Coronavirus lockdown: Schools should realise that the old ‘chalk-talk’ method of teaching is ‘dead’!

Schooling has now changed forever! Early Childhood Association released a guideline manual for schools called Remote Blended Learning, and that is the future of schools - Blended learning. A combination of using online, offline models that will help learning be less stressful, more interesting and more available for all children. Physical school classrooms may not be used this year or even for some part of the next year, as we don’t know the future of this pandemic, but learning of children will not and cannot stop, it is time that parents, schools and the government realised the reality of this new normal and frame laws, policies around Blended Learning.

Schools also need to learn a lesson from this pandemic, to listen to research and take guidance from associations that they are a part of. Many schools failed to do that and were insensitive to parents and disregarded research and burdened children with long hours of online learning. Other schools are paying a price for the mistakes of a handful of them. It’s time for schools to realise that the old ‘chalk-talk’ and ‘sage on the stage’ method of teaching is ‘dead’! It’s time to embrace the new Blended learning format and ensure that the new format is safe, healthy and impactful for children’s cognitive, social and emotional development.

Parents need to wake up and realise that this is not a decision for a month or two; it will take this whole year for things to be safe for our children to physically attend school. Why do you want a learning lag for your child? Who should you be trusting, your chosen school or some vague private online platform? Yes, many schools and teachers are struggling to adjust to this new normal, but overall, most of them have adjusted quite well, now it is for the parents to take a step back and not interfere when the online class is going on, as it distracts both the teacher and your child.

We should all be worried about our pre-schoolers; this is the stage of foundational learning that is why our new education policy defines it as the starting point of education. Our vision was, ‘Every child in the age range of 3-6 years has access to free, safe, high quality, developmentally appropriate care and education by 2025’, how do we plan to achieve this with preschoolers not getting any education this year? The NEP further states- ‘Studies tracking student learning outcomes clearly demonstrate that children who start out behind tend to stay behind throughout their school years. At the current time, there is a severe learning crisis in India, where children are enrolled in primary school but are failing to attain even basic skills such as foundational literacy and numeracy. A major part of this crisis appears to be occurring well before children even enter Grade 1. Far too many 6+ year olds are entering Grade 1 with very limited ECCE.’ And we are still going to ignore this crucial stage during this pandemic?

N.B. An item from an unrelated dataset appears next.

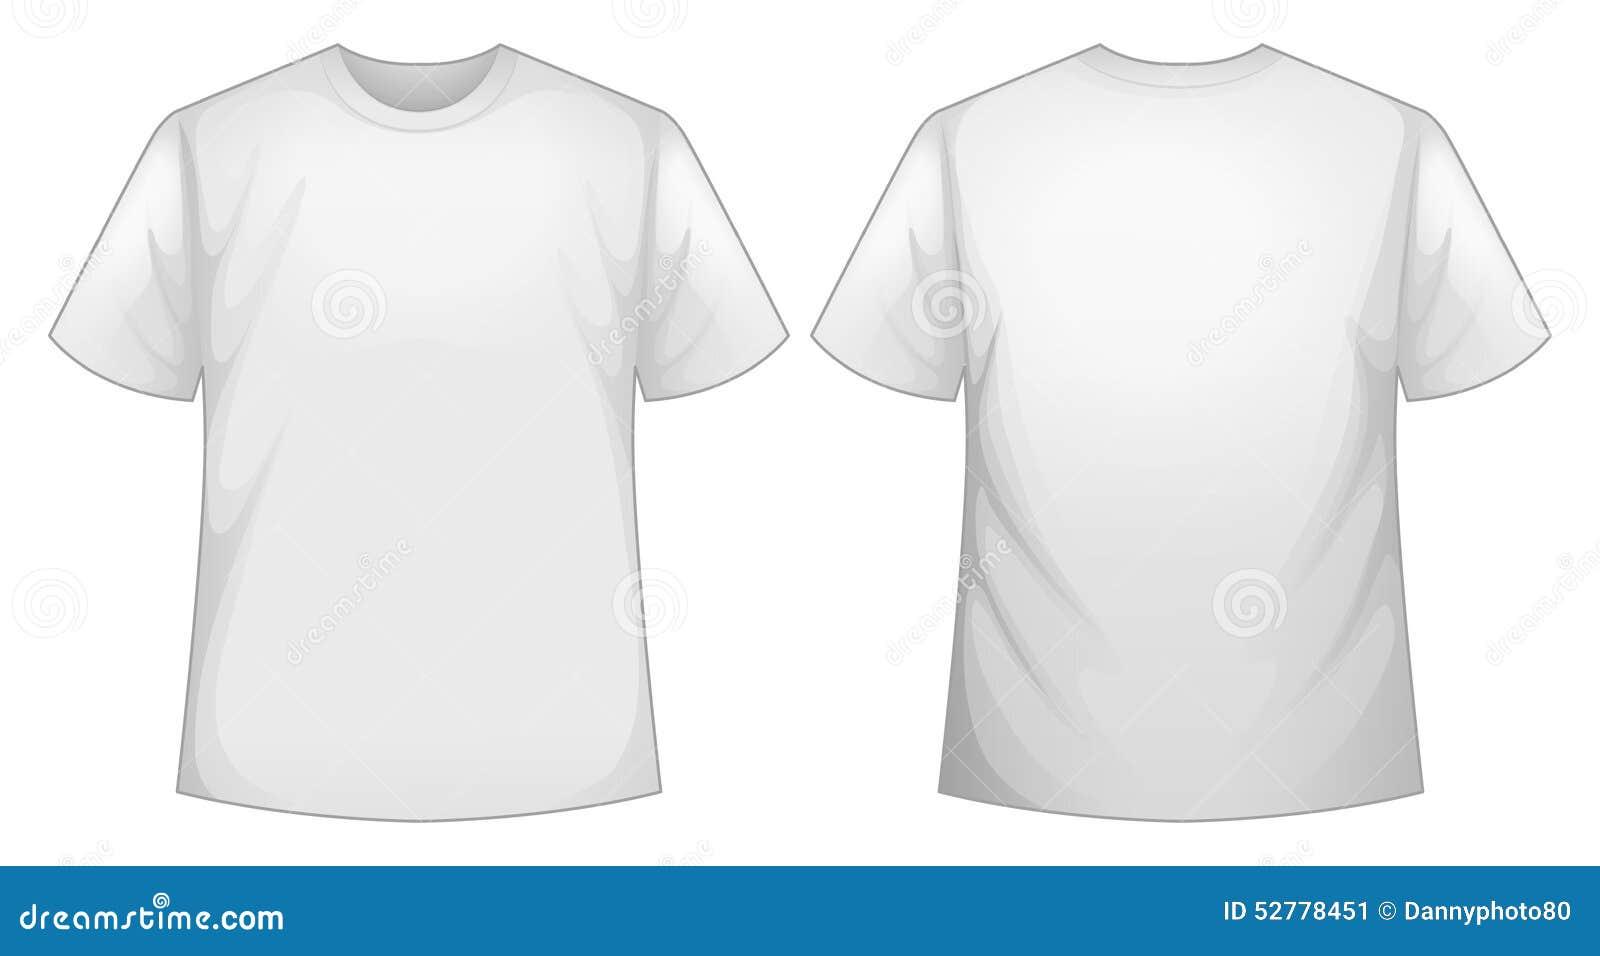 T shirt plain white back - White Shirt Stock Image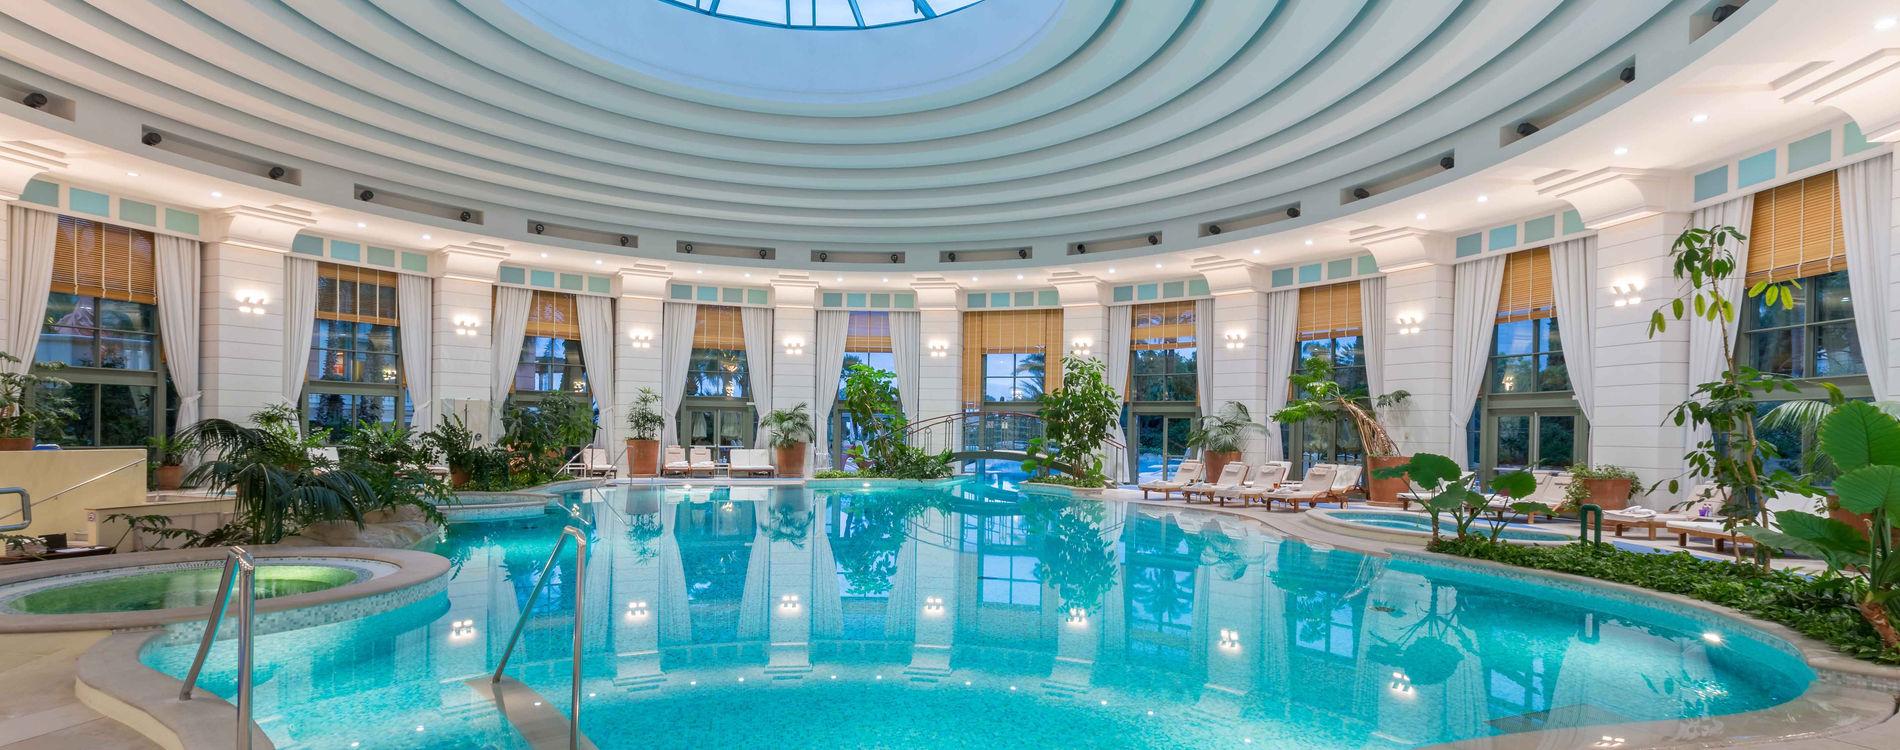 The Monte-Carlo Bay Hotel & Resort pool | Monte-Carlo

Isn’t it important for policy makers to note this important point from our National Education Policy before deciding and sealing the future of our preschoolers and children in grade one and two?

Our national education policy asked us to view preschool to grade 2 as a single pedagogical unit called the ‘foundational stage’, and advised to establish an integrated curricular and pedagogical framework and corresponding teacher preparation for this critical foundational stage of a child’s development. Why are we then ignoring this critically important stage in the decisions we make during this pandemic?

Ignoring the education of our children is extremely unwise and we would strongly urge the government to please rethink this ban and instead come out with guidelines so that children do not miss out on their foundational learning. It will be good for the state and the nation.

“The collapse of Education is the Collapse of a nation…”- Nelson Mandela

(The author is President Early Childhood Association and Association of Primary Education and Research. With over 34 years in education, she has compiled a comparative study of the ECE curriculum and policies of 39 countries, and recently compiled ECA Post-Covid School Reopening Guidelines and ECA Blended Learning Manual.)